Dual uses for calcium carbonate: antacid and calcium supplement.

Sodium bicarbonate use require caution in hypertensive patients or in hypervolemia.

Question 41

Sucralfate MOA

Answer 41

Complex salt of sucrose, sulfate and aluminum hydroxide, minimal ability to alter pH.

Forms a viscous gel at low pH which binds to positively charged proteins, adheres to gastric epithelium.

Protect the gastric luminal surface from degradation by acid and pepsin.

Question 42

Side effects of Sucrafate

Answer 42

May cause constipation, bind to drugs e.g. quinolones, phenytoin, and warfarin and limit their absorption.

Question 43

Colloidal Bismuth MOA

Answer 43

Combine with glycoproteins, and mucus to form a barrier that protects ulcers from acid and pepsin.
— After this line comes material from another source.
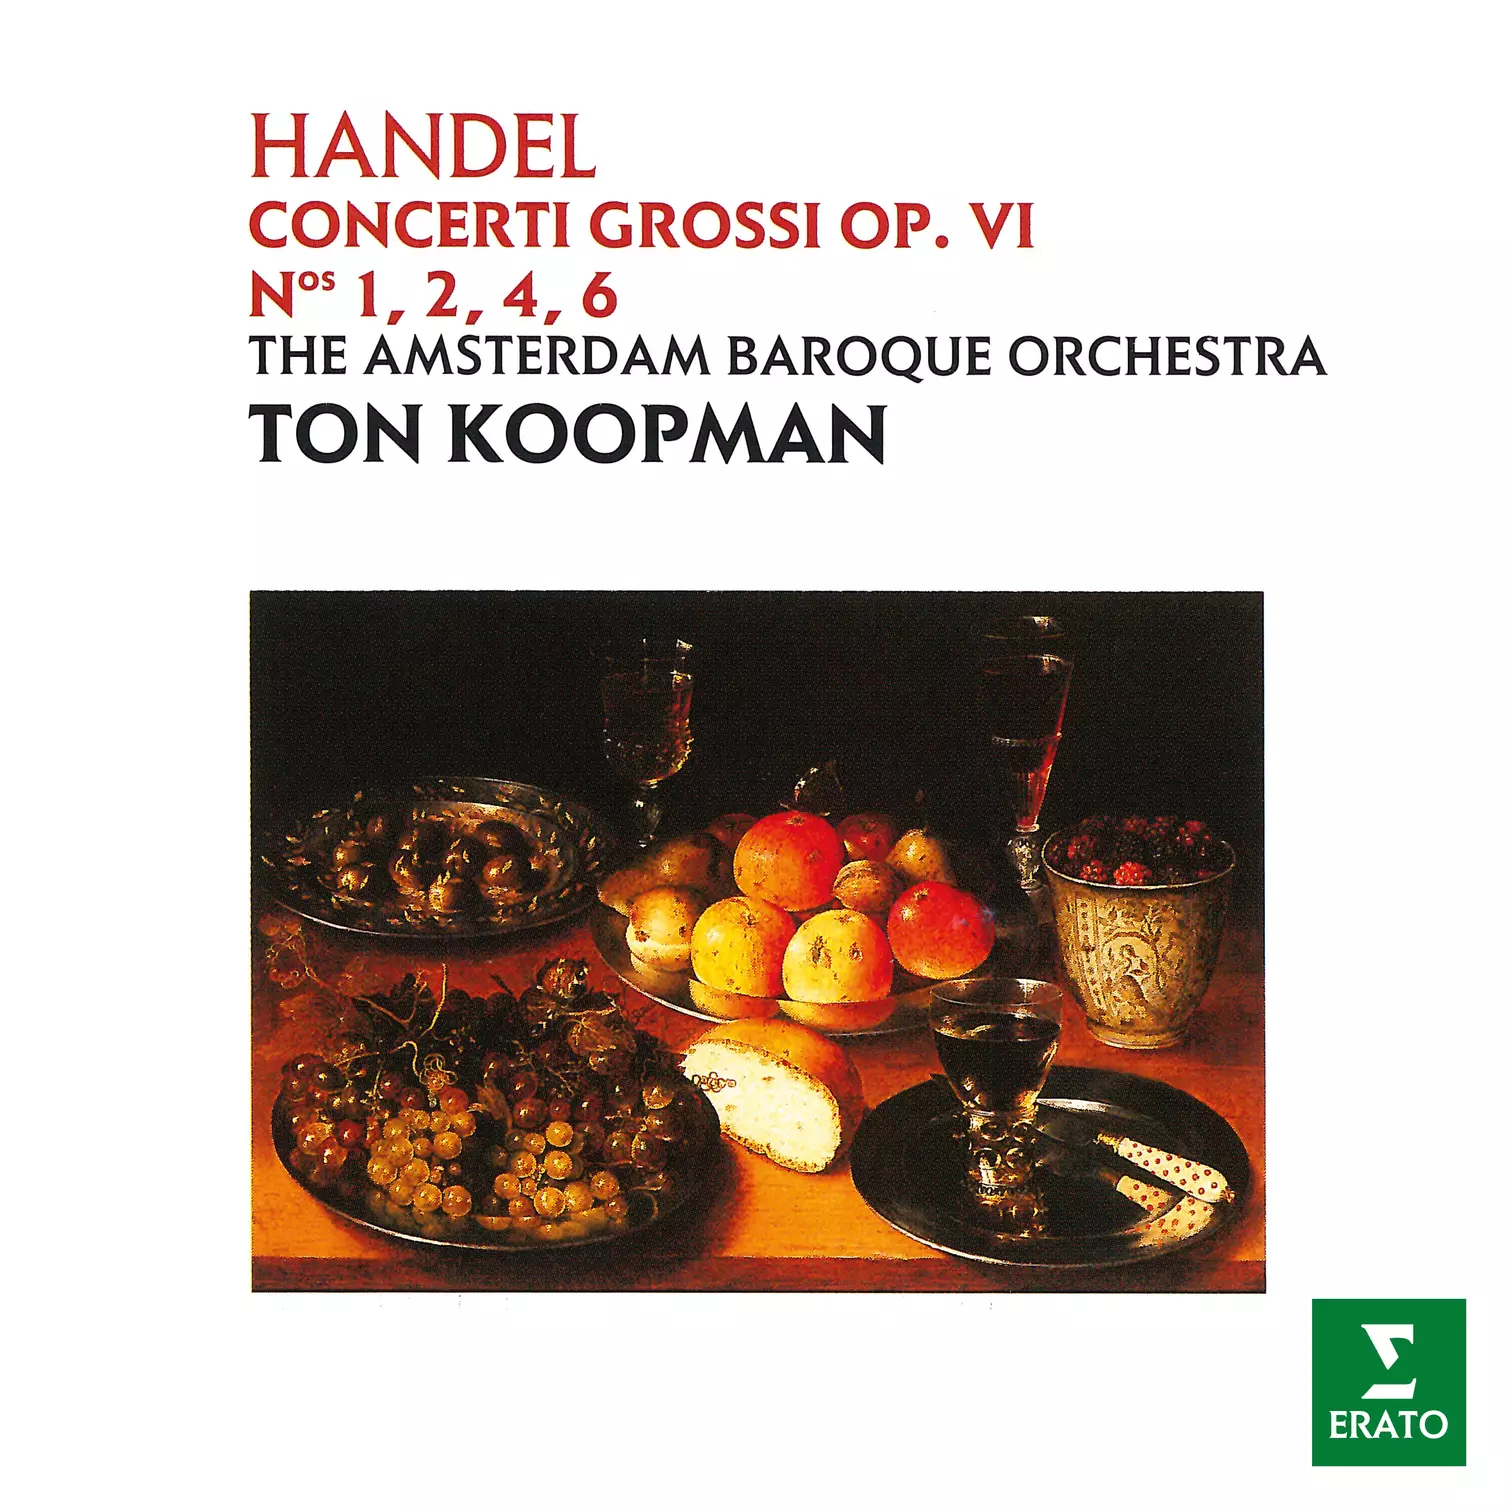 Handel: Concerti grossi, Op. 6
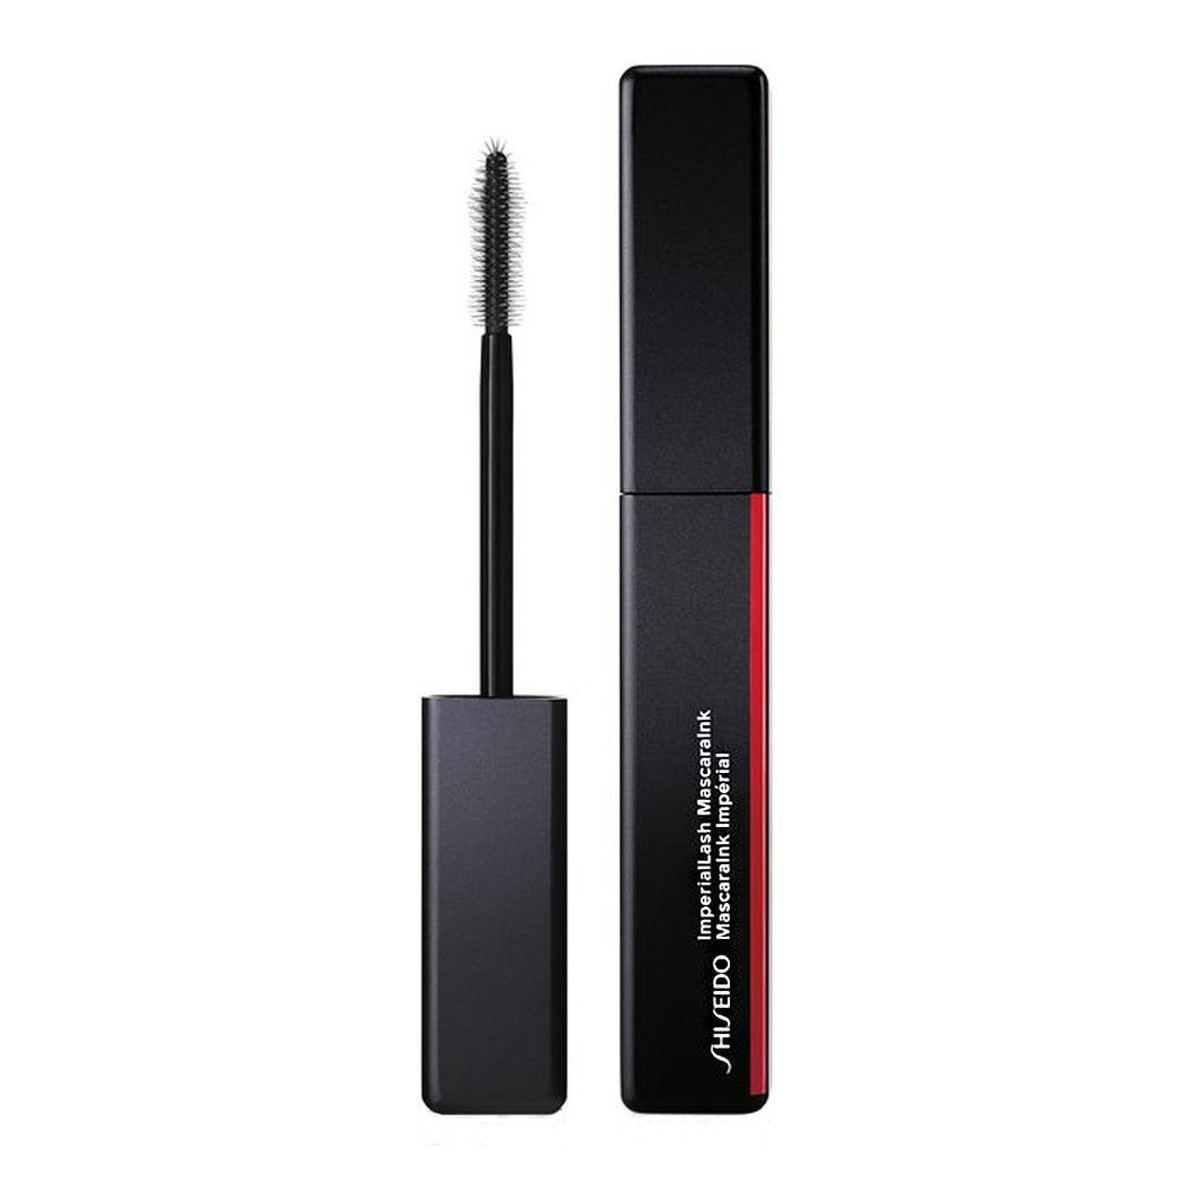 Shiseido Imperiallash mascaraink wydłużający tusz do rzęs 01 sumi black 8,5 g

Stimulates secretion of bicarbonate and prostaglandin.

Inhibits growth of H. pylori and helps to eradicate the infection.

Question 44

Anti-Cholinergic Agents Members

Answer 44

Dicyclomine (also known as dicycloverine), a muscarinic receptor antagonists used to decrease parietal acid secretion.

Question 45

Anti-Cholinergic Agents Indications and ADEs

Answer 45

Indications : For treatment of irritable bowel syndrome, less effective than PPIs or H2-blockers for reduction of acid secretion.

Adverse effects: Dry mouth, blurred vision, cardiac arrhythmias and urinary retention. Delirium may occur with high doses.

May cause rapid increases in libido after administration.